The dnsmasq service can be configured to use an external gateway instead of acting as the gateway for the VMs. This offloads HA to standard switching hardware and it has some strong benefits. Unfortunately, the nova-network service is still responsible for floating IP natting and DHCP, so some failover strategy needs to be employed for those options. To configure for hardware gateway:

  1. Create a dnsmasq configuration file (e.g., /etc/dnsmasq-nova.conf) that contains the IP address of the external gateway. If running in FlatDHCP mode, assuming the IP address of the hardware gateway was 172.16.100.1, the file would contain the line:

    dhcp-option=option:router,172.16.100.1

    If running in VLAN mode, a separate router must be specified for each network. The networks are identified by the first argument when calling nova network-create to create the networks as documented in the Configuring VLAN Networking subsection.

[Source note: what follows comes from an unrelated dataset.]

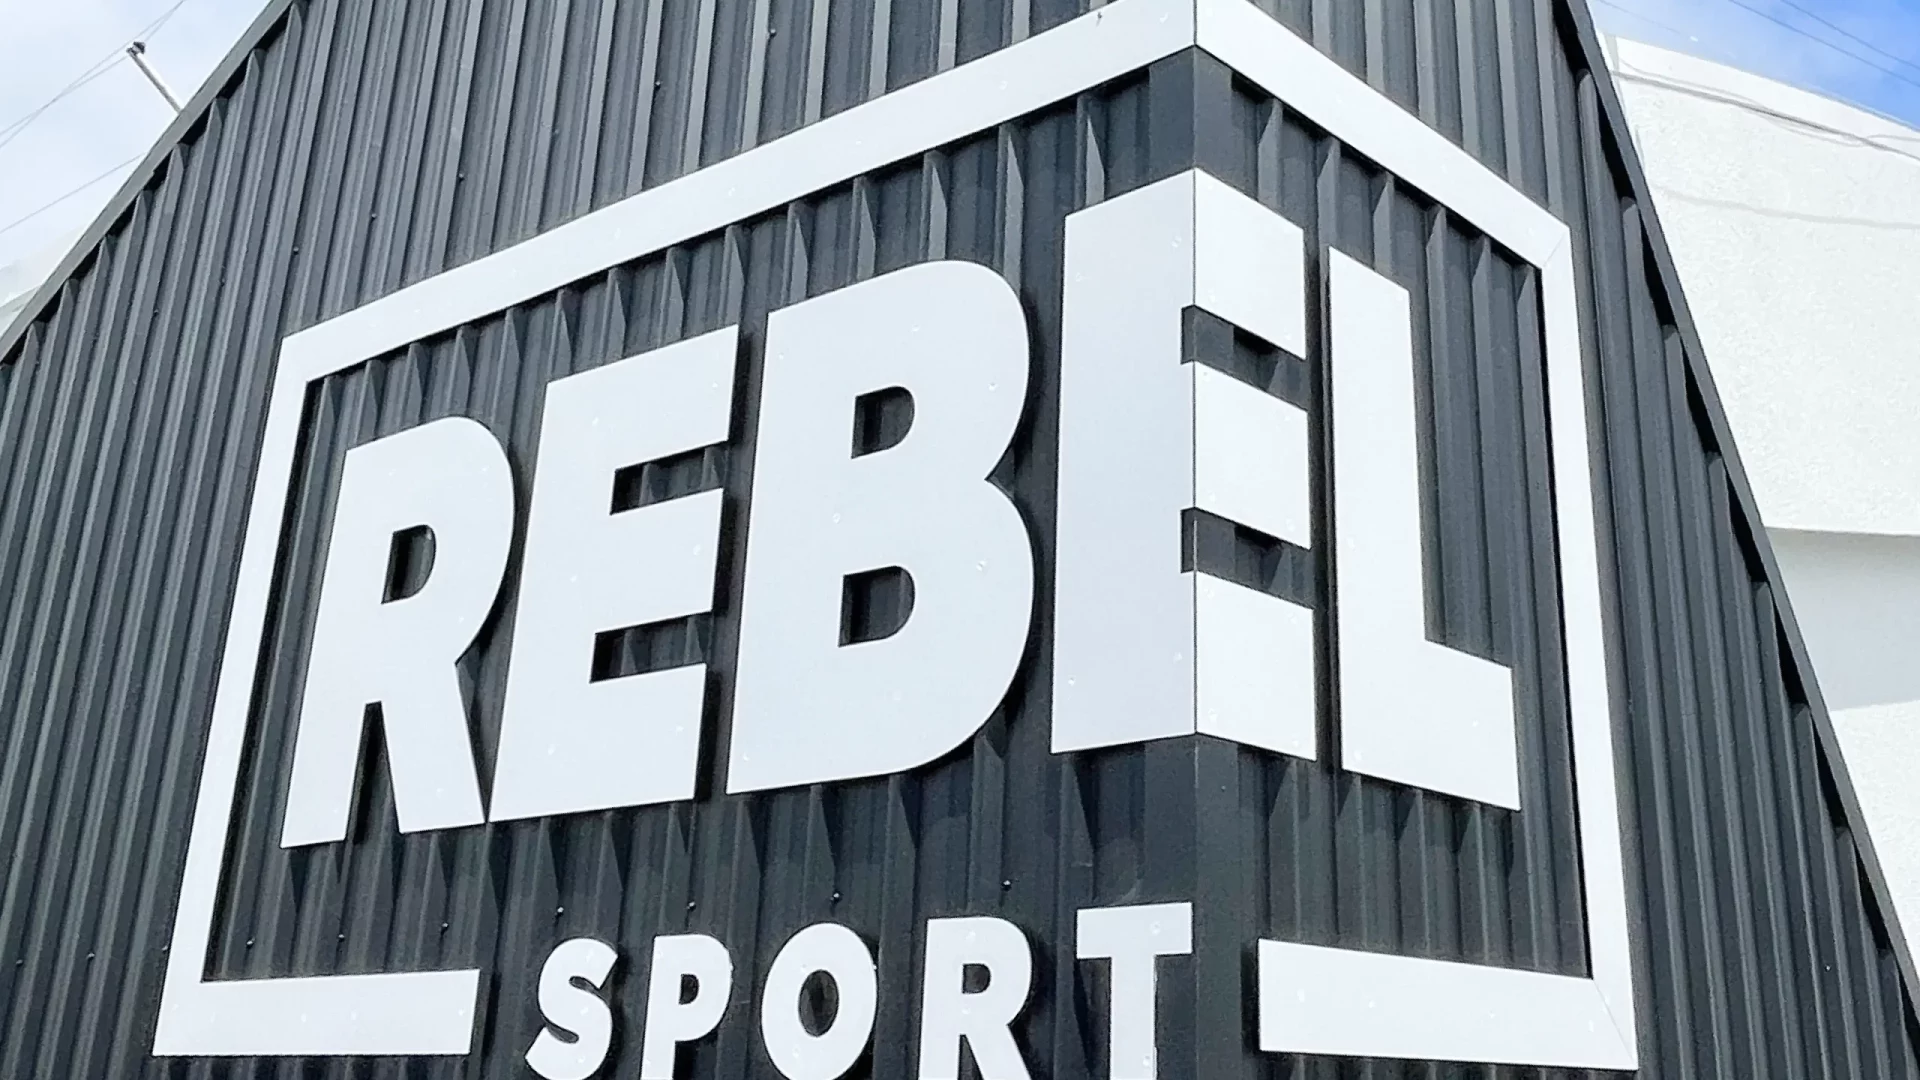 Rebel Sport building signage

Assuming you have three VLANs, that are labeled red, green, and blue, with corresponding hardware routers at 172.16.100.1, 172.16.101.1 and 172.16.102.1, the dnsmasqconfiguration file (e.g., /etc/dnsmasq-nova.conf) would contain the following:

    dhcp-option=tag:'red',option:router,172.16.100.1
    dhcp-option=tag:'green',option:router,172.16.101.1
    dhcp-option=tag:'blue',option:router,172.16.102.1
  2. Edit /etc/nova/nova.conf to specify the location of the dnsmasq configuration file:

    dnsmasq_config_file=/etc/dnsmasq-nova.conf
  3. Configure the hardware gateway to forward metadata requests to a host that's running the nova-api service with the metadata API enabled.

    The virtual machine instances access the metadata service at 169.254.169.254 port 80. The hardware gateway should forward these requests to a host running the nova-api service on the port specified as the metadata_host config option in /etc/nova/nova.conf, which defaults to 8775.

    Make sure that the list in the enabled_apis configuration option /etc/nova/nova.conf contains metadata in addition to the other APIs. An example that contains the EC2 API, the OpenStack compute API, the OpenStack volume API, and the metadata service would look like:

    enabled_apis=ec2,osapi_compute,osapi_volume,metadata
  4. Ensure you have set up routes properly so that the subnet that you use for virtual machines is routable.